Rodolfo Lanciani - Pagan and Christian Rome - 1892
Baroque canopy and apse with late XVth century frescoes depicting events associated with the True Cross (you may wish to see the frescoes by Piero della Francesca at Arezzo depicting the same subject)
The beautiful fresco, on the ceiling of the tribune, representing the discovery of the Cross by S. Helen, and a portion of
it restored to Jerusalem by the Emperor Heraclius,
was executed by order of Card. Carvajal, and is ascribed to Pinturicchio. Donovan
Gregorini and Passalacqua had to work on a tight budget and they did not touch parts of the building. They used the existing ancient columns of a medieval ciborium to
place a very baroque bronze structure above them.
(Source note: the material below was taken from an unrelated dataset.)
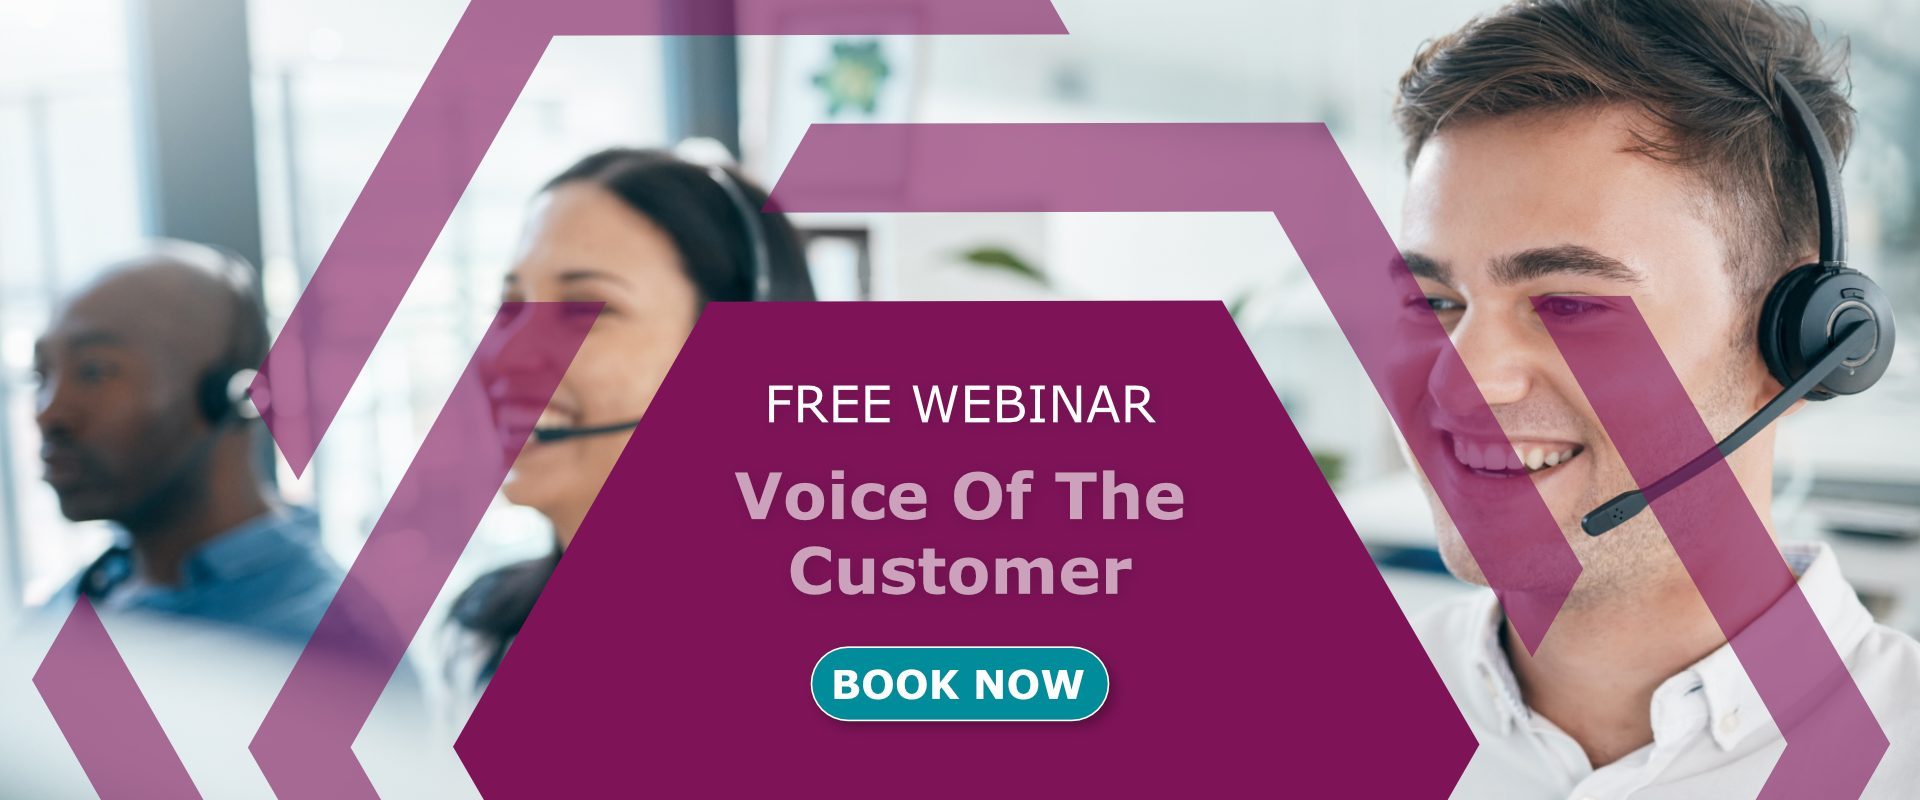 Voice Of The Customer

The frescoes of the apse were much retouched through the centuries and today are attributed to Antoniazzo Romano.
Funerary monuments in the apse: (left) Cardinal Bernardino Lopez de Carvajal (d. 1523 - the painted frame is a late XVIIth century work); (centre) Cardinal Francisco Quinones (d. 1540); (right) painted empty monument
In the tribune is the tomb of Card. Carvajal, who,
in the XVI. century, repaired the mosaics, which
we shall see in the chapel of S Helen; and the tabernacle in the centre was erected by Card. Quignon,
as is recorded by the inscription. The Cardinal was buried here in 1510. Donovan
Cardinal de Carvajal was the ambassador of Ferdinand of Aragon and Isabel of Castille to the Holy See. In 1511 he promoted a rebellion against Pope Julius II and he was deposed as a cardinal. In 1517 he was pardoned by Pope Leo X with the penance of one day of fast per month.
Cardinal Quinones was another Spanish cardinal and he commissioned his funerary monument to Jacopo Sansovino when he was still alive (see a fine statue by Sansovino at S. Agostino). Its upper part was designed by Carlo Maderno in the early XVIIth century.
Altars for pilgrims to pray in their visit to the Seven Churches (see those at S. Pietro): (left) Pope St. Sylvester shows the images of Sts. Peter and Paul to Constantine; (right) Vision of St. Robert's mother (ca 1670)
We begin our
round of the church (..) the next altar is that of S.
Sylvester, whose portrait, in the act of showing Constantine the apparition of SS. Peter and Paul, is by
L. Garzi. (..) The next altar-piece is a painting, by
Vanni, of S. Robert, when an infant, being presented to the B. Virgin. Donovan
Depictions of Pope St. Sylvester and Constantine were very popular (see those at SS. Quattro Coronati and in the Tribune of the Lateran), less so of the dream that the mother of St. Robert of Molesme, the future founder of the Cistercians (1075), had during her pregnancy, in which she had a vision of the mystical marriage of her child with the Virgin Mary.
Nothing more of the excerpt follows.